UK Green Recovery Plan Boosts CCS (Update)
(Adds comments at end)
UK prime minister Boris Johnson has repeated plans to fund carbon capture and storage (CCS), hydrogen, nuclear power, electric vehicles and renewable energy in a strategy to create jobs and reduce carbon. They have been broadly welcomed by industries looking forward to financing, but a long-awaited government policy paper is also needed, says Cornwall Insights.
The late November 17 £12 ($16)bn ten-point plan is expected to create a quarter of a million job and to mobilise three times as much private sector investment in support of the UK's 2050 net zero goal. Out of the total, only £4bn is new, according to the BBC. But it includes £200mn on top of the previously promised £800mn for CCS. The UK in 2015 under another Conservative government cancelled a £1bn CCS support scheme so this is the second attempt.

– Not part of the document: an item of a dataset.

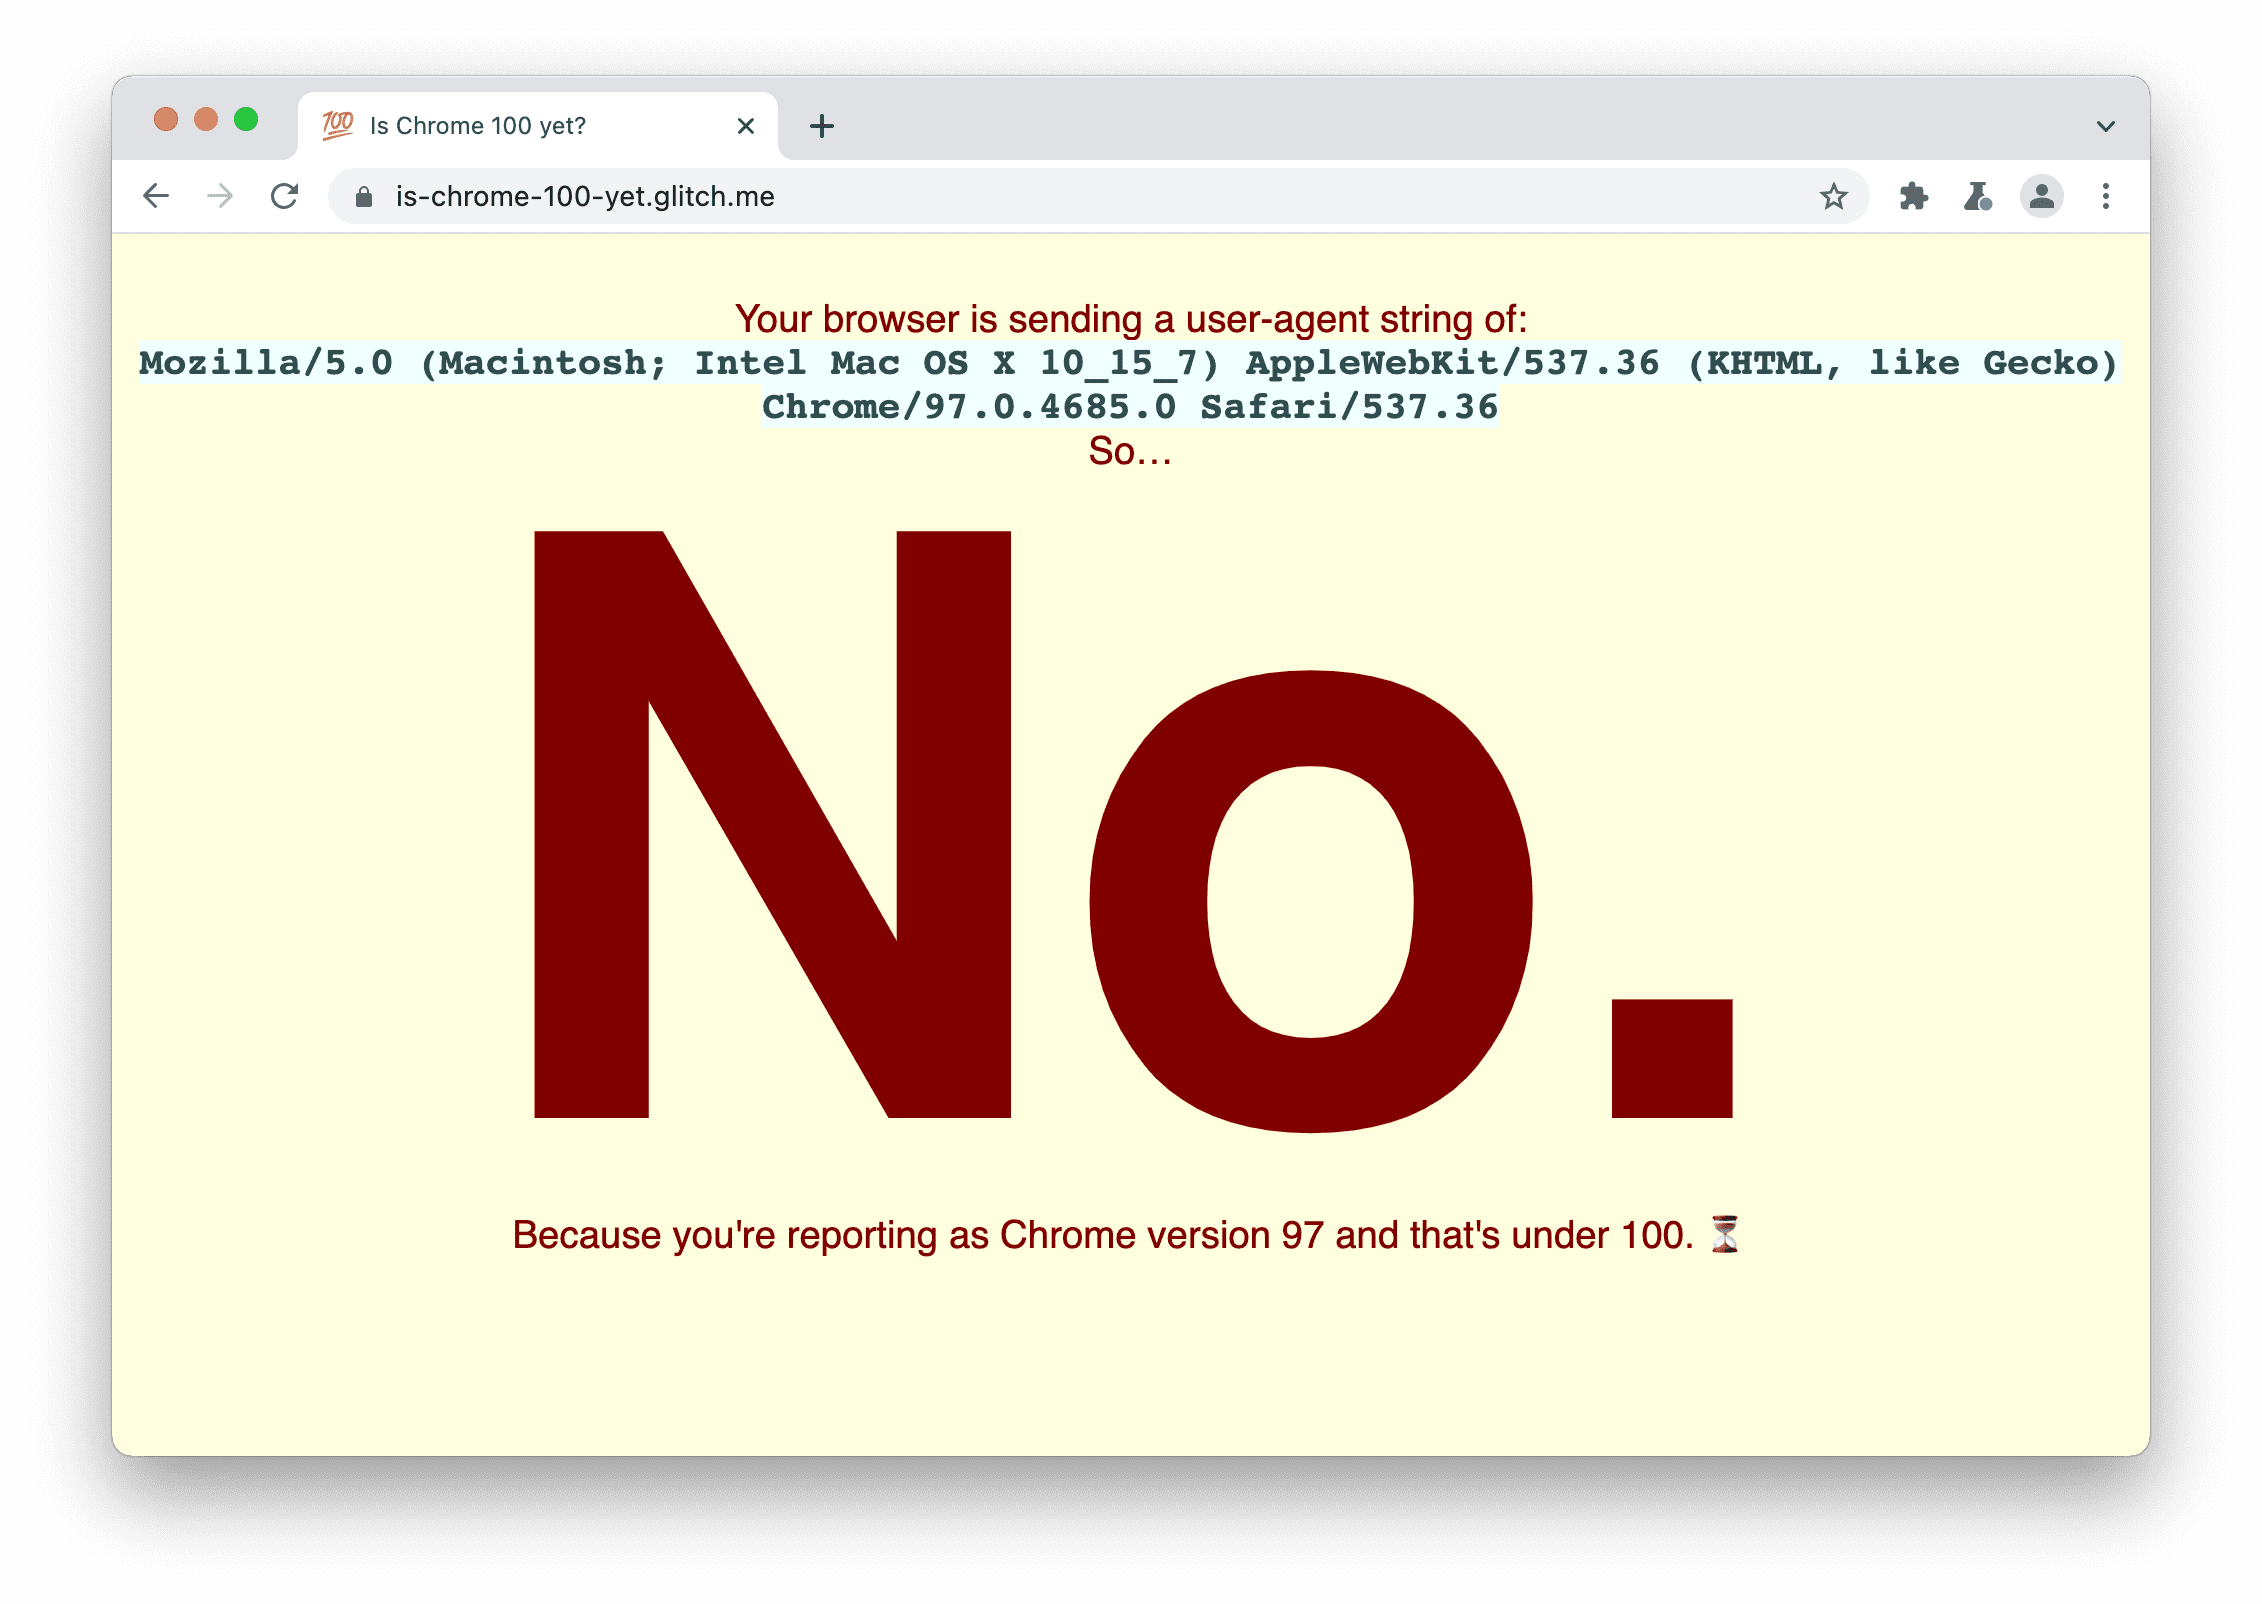 Un sito che controlla se il browser invia la stringa 100 dello user agent. Viene visualizzato il messaggio: No, perché la versione di Chrome è 97 e inferiore alla 100.

Johnson said: "Although this year has taken a very different path from the one we expected, I haven't lost sight of our ambitious plans to level up across the country. My Ten Point Plan will create, support and protect hundreds of thousands of green jobs, whilst making strides towards net zero by 2050.
"Our green industrial revolution will be powered by the wind turbines of Scotland and the northeast, propelled by the electric vehicles made in the Midlands and advanced by the latest technologies developed in Wales, so we can look ahead to a more prosperous, greener future," he added.
Clarity needed
There is so far no clarity on which CCS projects will receive funding, but Storegga, which is working on one in Scotland called Acorn, is hopeful. It told NGW: “Acorn has entered front-end engineering design and is presently the most advanced of the UK’s CCS projects, with first C02 storage operation planned in 2024. It is also the most scalable and is cost competitive.”

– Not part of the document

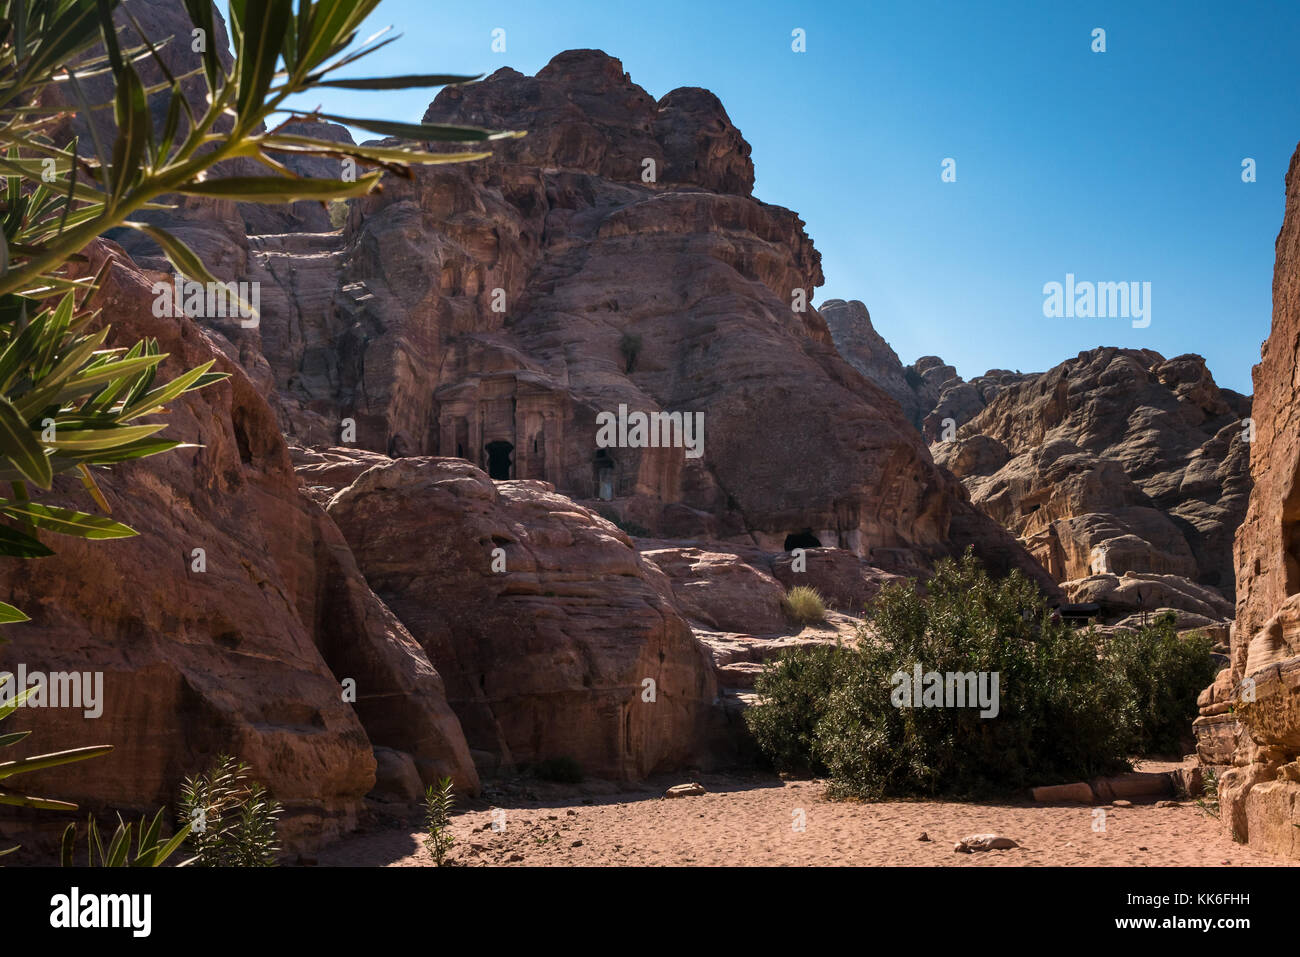 Ruta a pie desde el alto lugar de sacrificios a través de Wadi Farasa con Nabataean tumbas excavadas en las laderas, Petra, Jordania, Oriente Medio Foto de stock

CEO Nick Cooper said: "The ability to capture and store significant volumes of CO2 under the North Sea in carbon capture and storage projects such as Acorn will be a crucial part of the UK’s journey to reaching net zero by 2050."
Upstream group Oil & Gas UK CEO Deirdre Michie said: “The good news for jobs and the economy is that with the right support, companies based here in the UK have the expertise to make us world leaders in tackling emissions, including through carbon capture and hydrogen production, both of which are key to the clean energy system of the future.”
Other contributors to the net-zero carbon future by 2050, which was originally promised by the previous government under Theresa May, include hydrogen networks and domestic heat pumps. But these are some way off, according to digital engineering consultancy Expleo.
“When incorporating a new gas into our system we need to be able to monitor and track its performance. This will require an "internet of pipes" if you will,” it said. “Despite the virtues of hydrogen, the grid is going to need to undergo an immensely complicated digital upgrade before we're ready to reap its benefits.”
Cornwall Insight said the plans to make the City of London the global centre for green finance through sovereign bond, carbon offset markets and disclosure requirements, could be very significant in delivering required capital. The long-awaited Energy White Paper will be the next landing stage for a coherent strategy for the energy sector for the decades ahead."
Global CCS Institute said CCS hubs and clusters across the UK is a significant step forward in mitigating emissions from the UK’s most energy intensive industrial sectors. “The announcement shows leadership in the UK around CCS, an absolutely key climate technology”, said international adviser to the Global CCS Institute and renowned economist at the London School of Economics, Nicholas Stern.
Wood Mackenzie said: “Several industrial CCUS hubs are already in development, and the UK is well-placed to repurpose its depleted North Sea fields to store carbon. Methane-derived hydrogen is already widely used in the petrochemicals and refining sectors. Displacing those emissions with low-carbon hydrogen is an obvious first step, but the potential use cases are much more diverse, ranging from iron and steel production to heavy duty transportation.”
An unambiguous thumbs down came from the privately-funded Global Warming Policy Foundation, long an opponent of counter-productive subsidies that go to importing technology from overseas.
It calculates that UK electricity bills will have to include £27bn/yr, roughly double the wholesale market value of the entire UK electricity sector at present.
These high prices will “render utterly unaffordable the prime minister’s proposals for heat pumps and electric vehicles. This will cause anger.”
Heat pumps cost between £10,000 and £20,000 each to install, so the prime minister’s aim of installing 600,000/yr by 2028 implies an annual cost of between £60bn and £100bn/year, it said, questioning the wisdom of Johnson’s advisers.